キャメル様も自分の持ち物からクシを取り出し、自分の髪に刺した。白いクシにピンク色の貝は可愛い物好きな彼女らしいデザインだった。
貝とクシの色はそれぞれ違うが、お揃い…だからか、統一感があって仲の良さが視覚的に見える。照れくさい気もするが嬉しい気持ちが上だ。
「皆様お似合いですわ!」
「キャメル様が素敵なものを選んで下さったからですわ」
「喜んで頂けて良かったです。メアマーレ王国では今アクセサリーが増えている様で素敵な物が多く見られましたの」
その後はキャメル様のメアマーレ王国での休暇の過ごし方や召し上がって美味しかった物、可愛らしい生き物に出会ったなどのお話で盛り上がった。

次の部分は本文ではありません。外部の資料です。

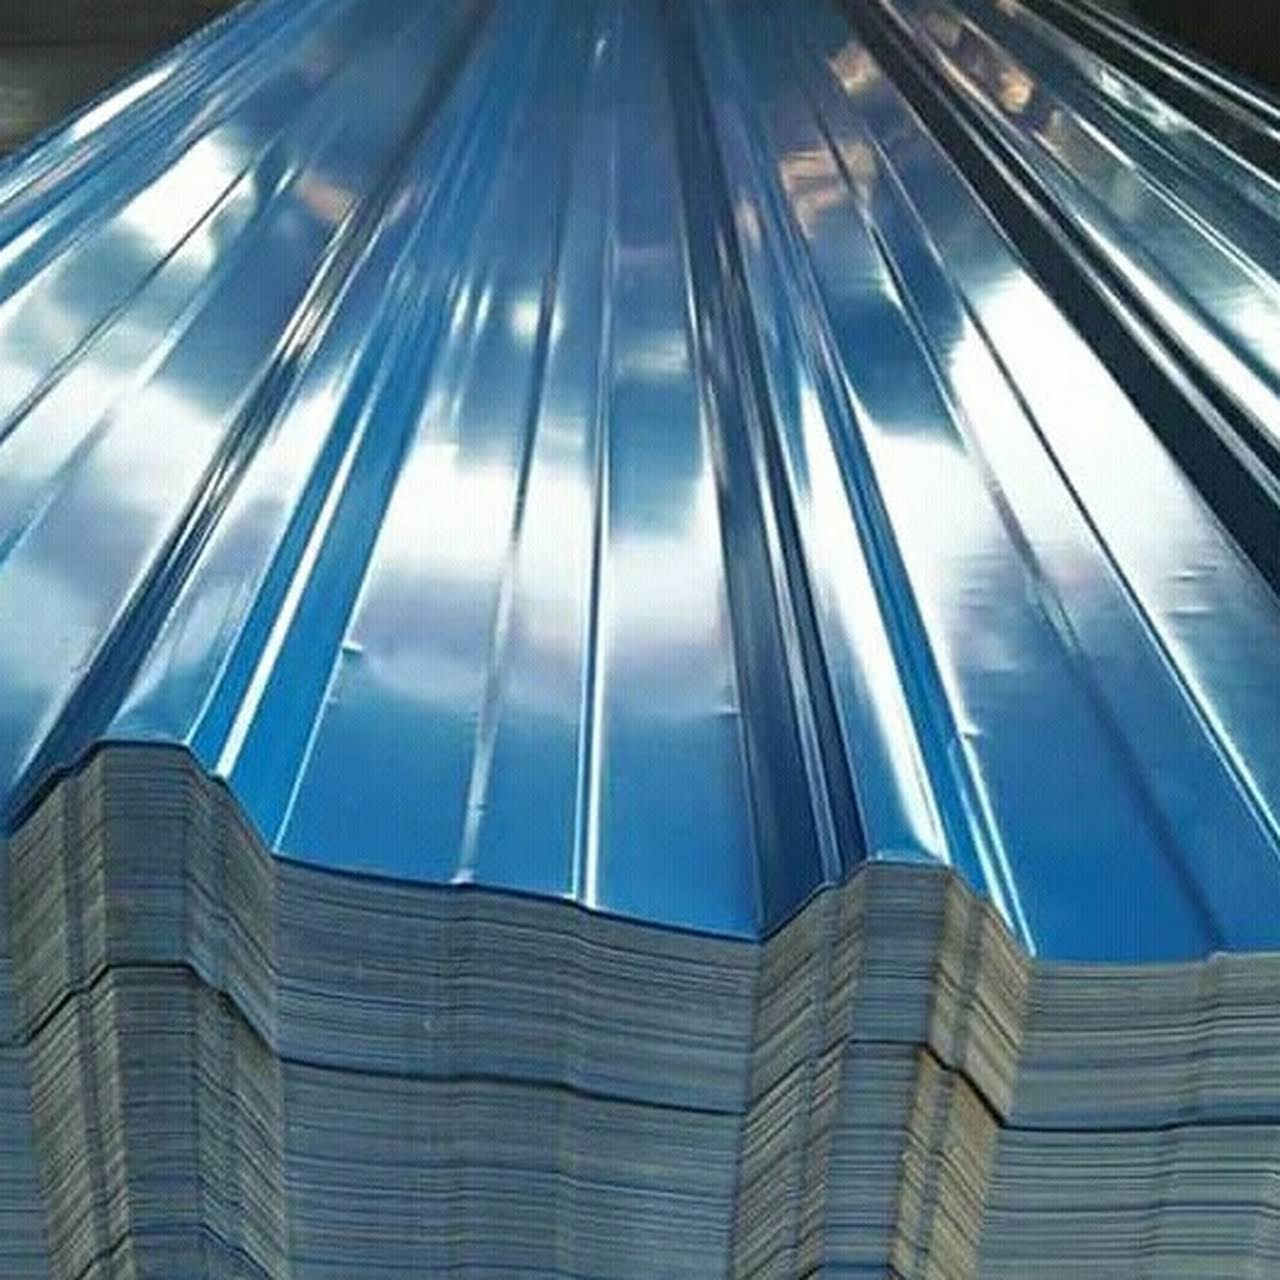 Harga Atap Spandek Warna Biru

私も一度だけメアマーレ王国へは家族で行ったことがある。
お兄様がまだ王宮へ召される前。リリアンナがメイドになったばかりの頃だ。
初めての海に心を奪われた。太陽がエメラルドの海を照らしキラキラと輝いていて、大きな宝石を見ている感覚に陥ったのを覚えている。いざ海へ入ろうとした時は波が怖くてお兄様から離れられなかったな。
海の精霊が波から守りながら遊んでくれたお陰で怖くはなくなったけれど、砂浜で遊んでいた私がいきなり居なくなってお父様達は焦っていた。
波に乗るように帰ってきた娘を不思議そうに見ていた両親の顔は今思い出しても笑えてしまう。
「そう言えば、ロレイン様のバースデーパーティーはもうすぐですわね。招待状受け取りましたわ」
「えぇ。もう来週に迫っているので今は使用人達が準備に励んでおりますの」
そう、もうすぐ私の誕生日。リリアンナ以外のメイドや執事、シェフや庭師は今週ずっと忙しそうにしている。ドレスの注文、招待状、料理の試作、食材やドリンクの発注に会場の設営準備。私が知らないだけできっともっと沢山やる事があるのだろう。そんなに気合い入れなくたっていいのに、と思うのだが今年は去年より何故かお父様が張り切っている。お陰で使用人達がてんやわんやだ。可哀想に。
14の誕生日でこれなら16の誕生日はどうなるのやら。
「当日が楽しみですわ。ロレイン様に似合う贈り物を見繕いますので期待しておいて下さいね」
「ありがとう存じます。楽しみにしておりますわ」
誕生日プレゼントか…。お父様も同じような事を言っていたわ。楽しみにしておいてね、と。何が送られるのでしょう。何だか嫌な予感がします。
「あと二年したら私達も社交界デビュー…皆様ご婚約のお話は進んでおりますの?」
こういう話題になると、やはり年頃の女の子だなと思う。カティや妖精達と話すときに絶対にならない話題だ。あの子達は特に恋愛とかはしないから。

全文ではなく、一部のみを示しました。